Semiconductor or chip stocks fell sharply last Thursday, with Broadcom and Micron Technology being the most heavily sold amid growing investor concerns that this sector may have risen too rapidly.
Broadcom, a designer and manufacturer of AI chips for major technology industry clients, dropped by as much as 12% after announcing earnings on Wednesday that fell short of analyst expectations.
Meanwhile, Micron Technology, one of the world's largest memory chip producers, declined by over 7%, while ARM Holdings, owner of chip architecture technology widely used in smartphones and electronic devices, fell 4%.
According to CNBC, John Vinh, an analyst at Keybanc Capital Markets, said the sell-off in Broadcom and other chip stocks is understandable because these shares had previously surged strongly on AI-related enthusiasm.
“These stocks have risen very sharply recently,” Vinh said, explaining that analysts and investors have been continuously raising earnings forecasts for chip companies, particularly those involved with AI.
He believes Broadcom's decline reflects that market expectations for chip businesses had become so high that the stock price had already priced in most good news, so when earnings results were less impressive than hoped, investors chose to take profits.
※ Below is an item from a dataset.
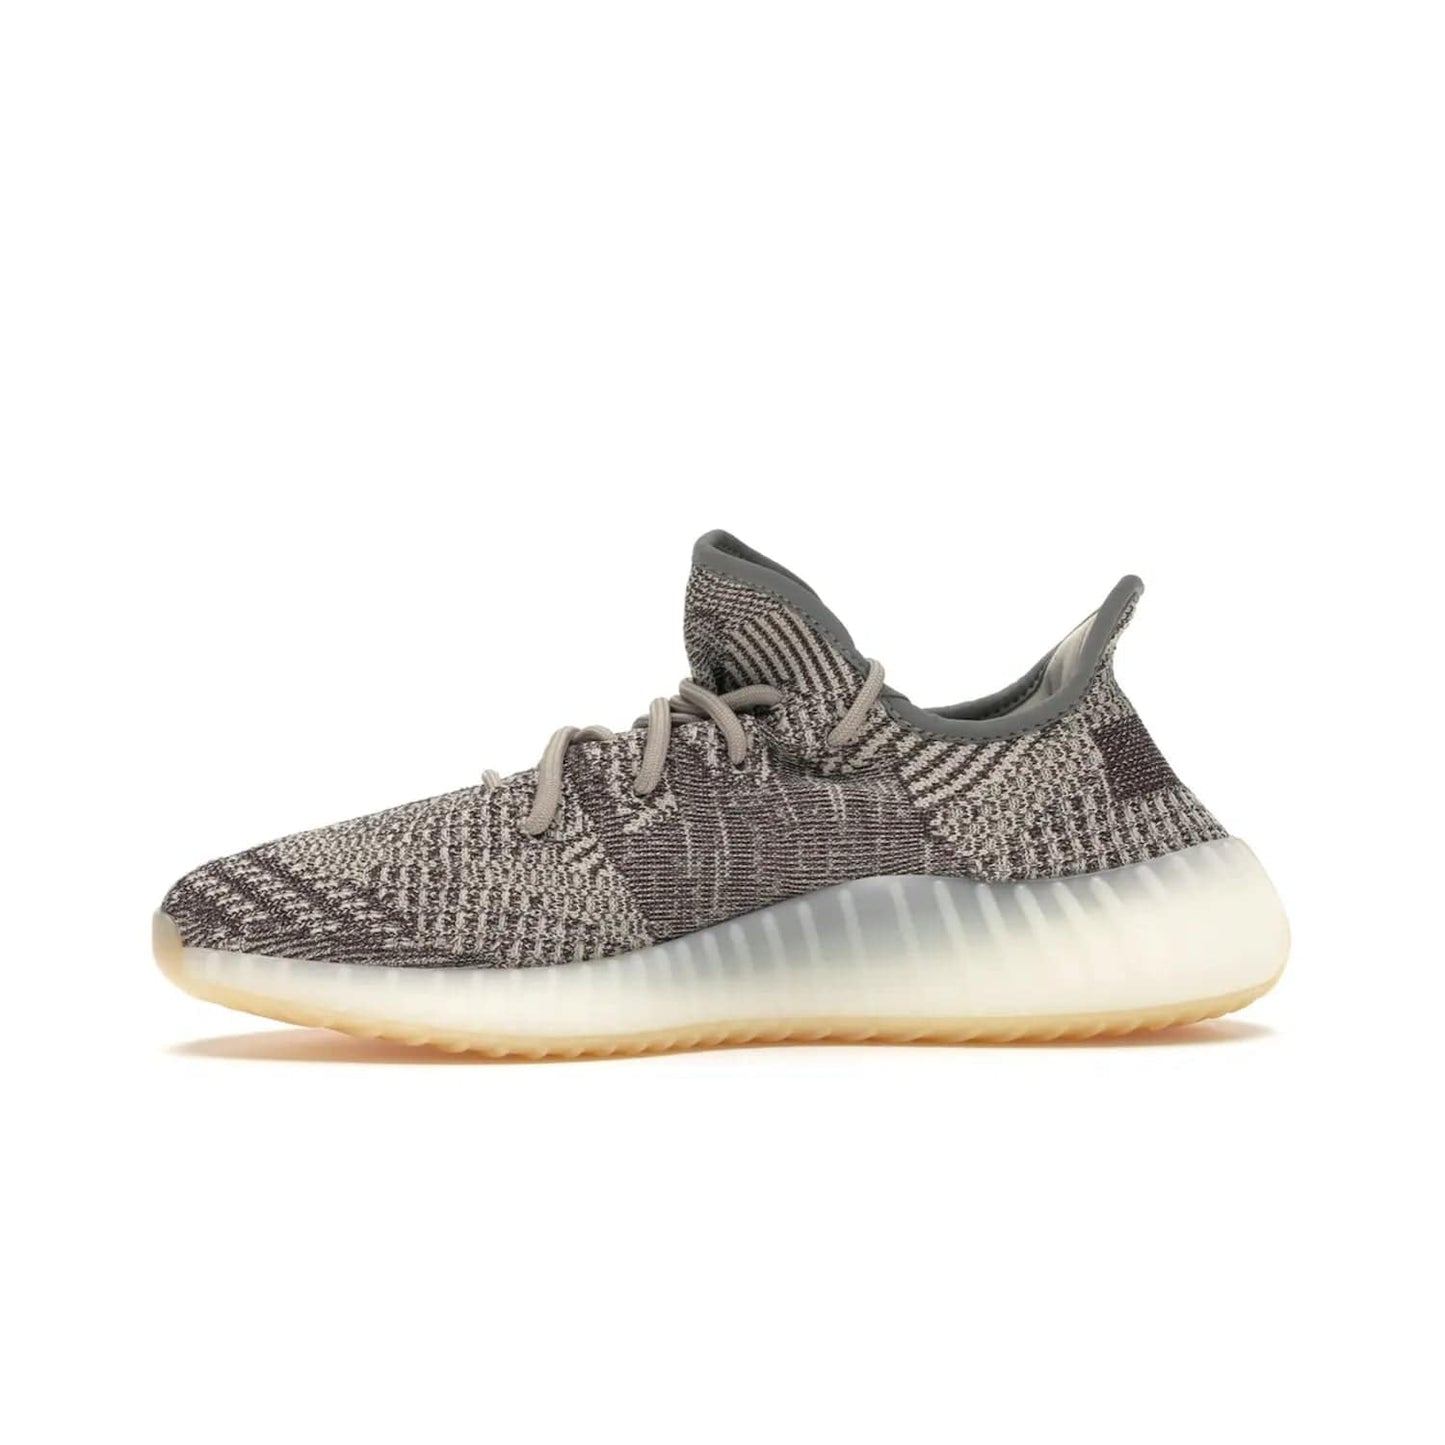 adidas Yeezy Boost 350 V2 Zyon - Image 18 - Only at www.BallersClubKickz.com - Step up your style game with the adidas Yeezy Boost 350 V2 Zyon. This sleek sneaker features a Primeknit upper, dark side stripe, translucent Boost sole, and creamy white interior providing style and comfort. Get them now!

Besides Broadcom, other chip stocks also fell: Qualcomm dropped 2%, Intel fell nearly 1%, and AMD declined 3%. Marvell Technology, although opening lower, managed to recover and closed up nearly 5%.
On another note, HSBC analysts led by Max Kettner, Head of Multi-Asset Investment Strategy, stated one of their biggest concerns is the softening chip prices, signs that AI investments may be slowing, and that AI adoption might not be as rapid as the market had anticipated.
Vinh also pointed out that Broadcom is facing additional pressure from Google, a major customer, which has begun diversifying its chip orders among other manufacturers instead of relying solely on Broadcom as before.
Nevertheless, he remains optimistic about Broadcom's future and believes this recent pullback is merely a short-term consolidation.
Keith Lerner, Chief Investment Officer and Chief Market Strategist at Truist Wealth, said it is normal for markets or certain stock groups to pull back after a strong rally.
Lerner explained that the bull market is not over and there are still reasons to be confident, but naturally, markets do not rise continuously; they often have periodic pauses or corrections.
“Typically, markets move forward two steps then back one, but recently it felt like three steps forward in a row. Therefore, a small pullback or sideways movement to consolidate is not surprising,” he said.
Overall, the situation reflects that while AI businesses and the chip industry have long-term growth potential, in the short term, investors are questioning whether stock prices have risen too quickly, leading to profit-taking and pressure on many chip stocks.